▸ YOUR ASSIGNMENT: With the images removed, return every line below exactly as it reads.

──────── DATASET CONTENT

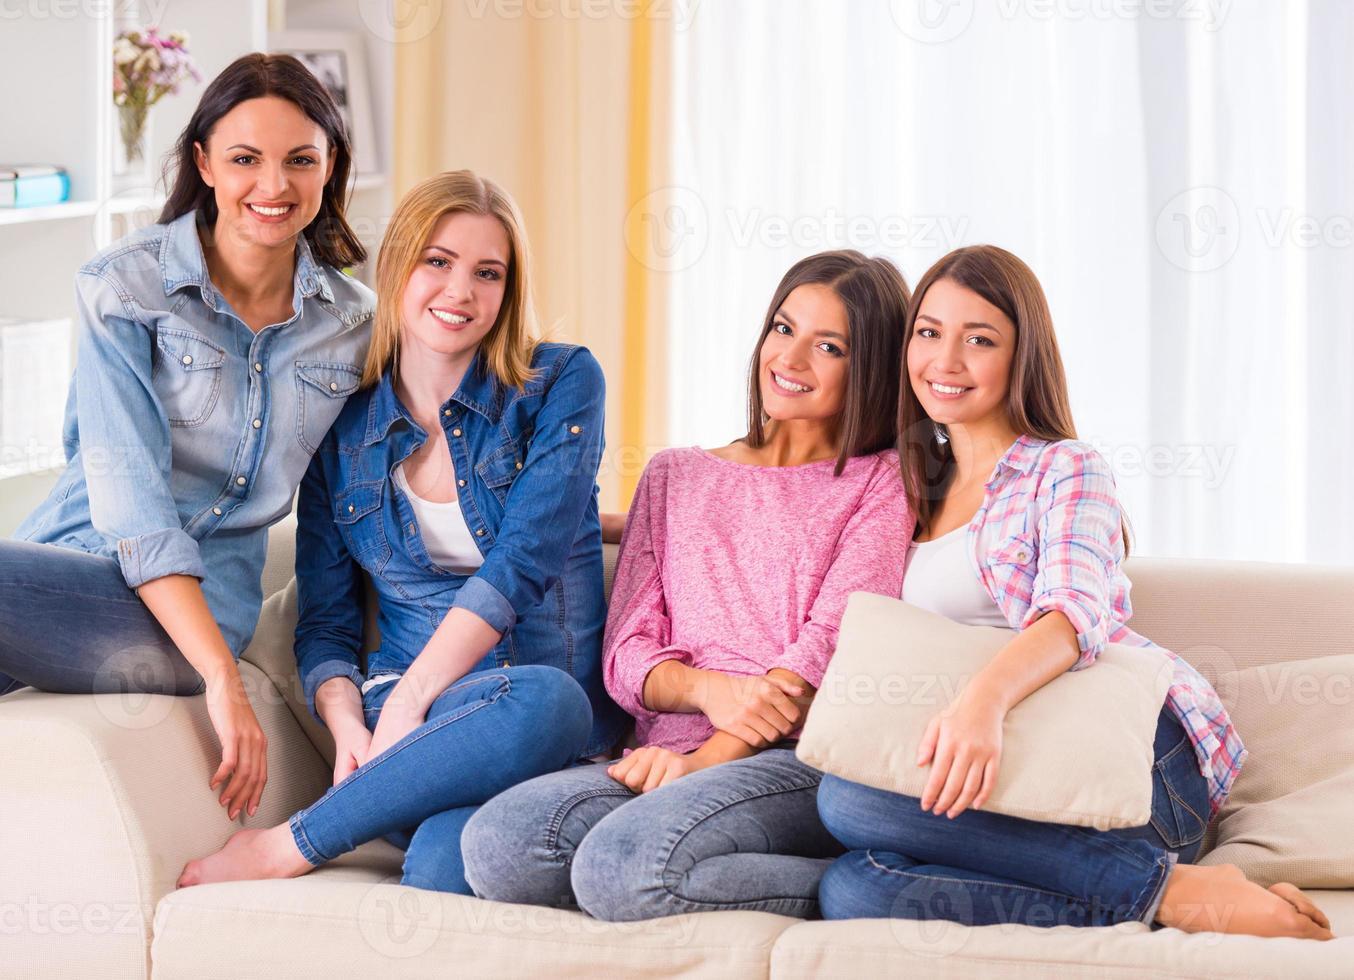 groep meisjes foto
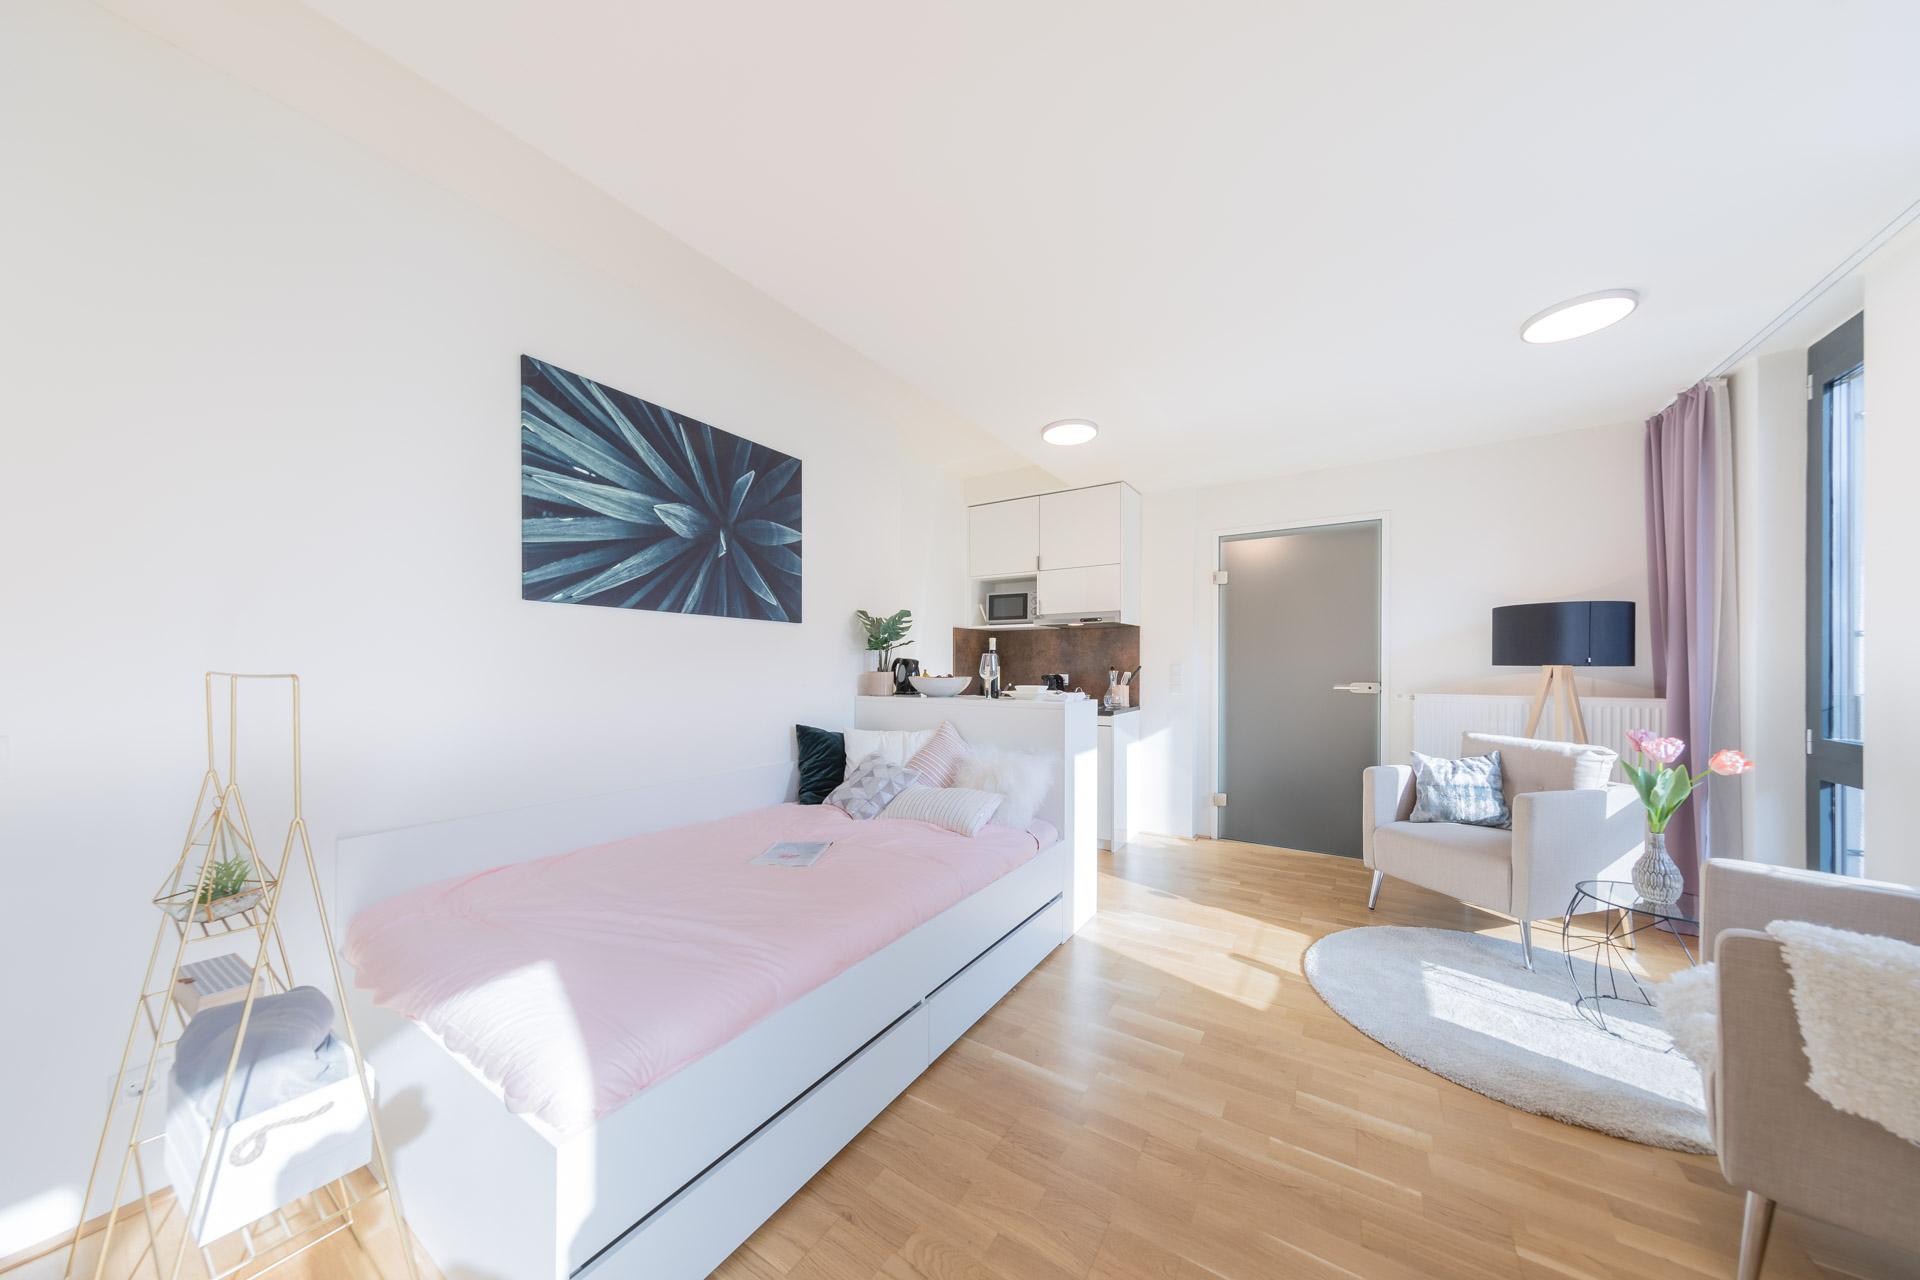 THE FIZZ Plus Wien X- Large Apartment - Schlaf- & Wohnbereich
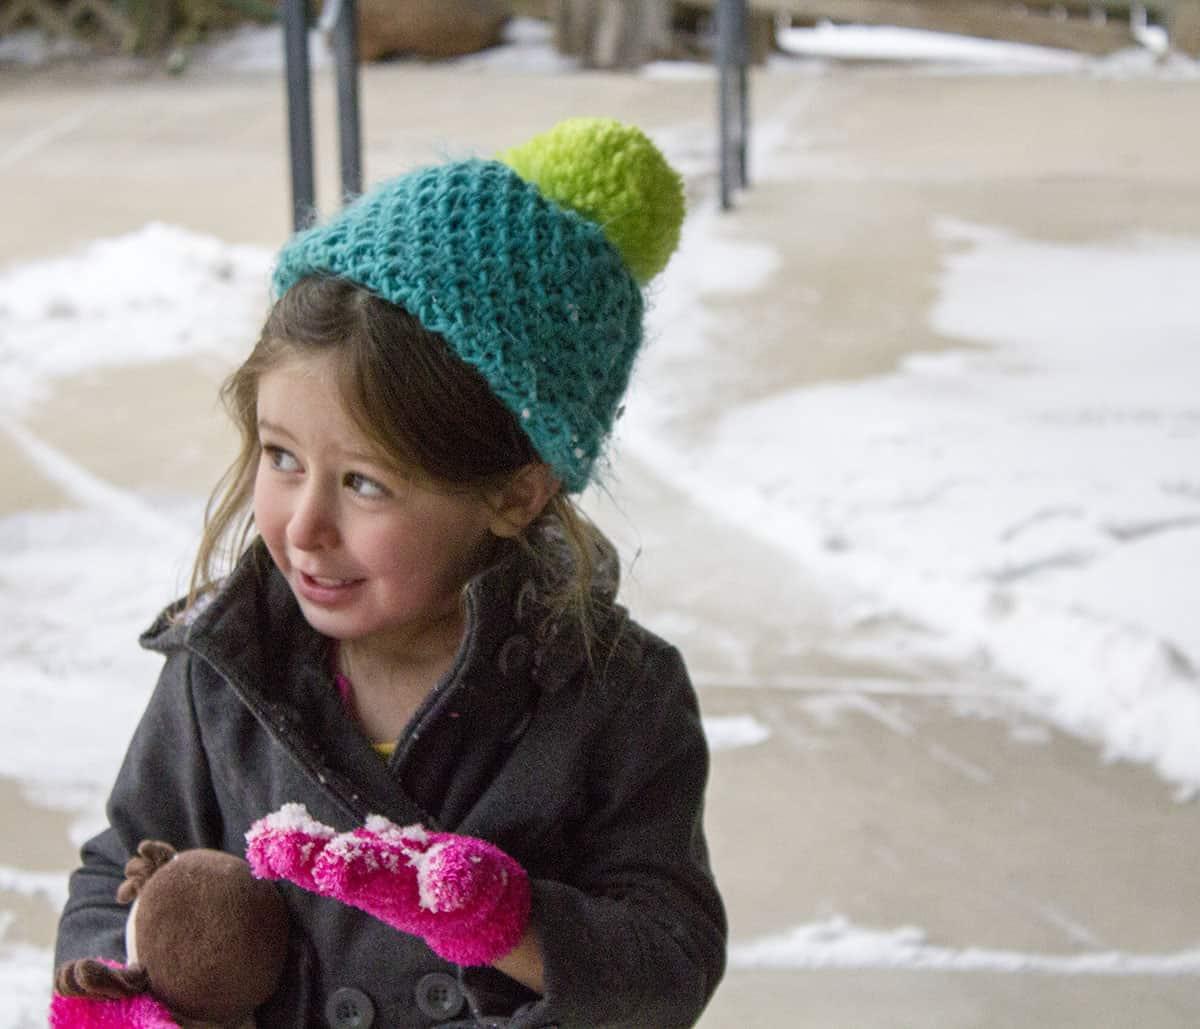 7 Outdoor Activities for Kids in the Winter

────────────────

▸ THE ANSWER:
 groep meisjes foto
 THE FIZZ Plus Wien X- Large Apartment - Schlaf- & Wohnbereich
 7 Outdoor Activities for Kids in the Winter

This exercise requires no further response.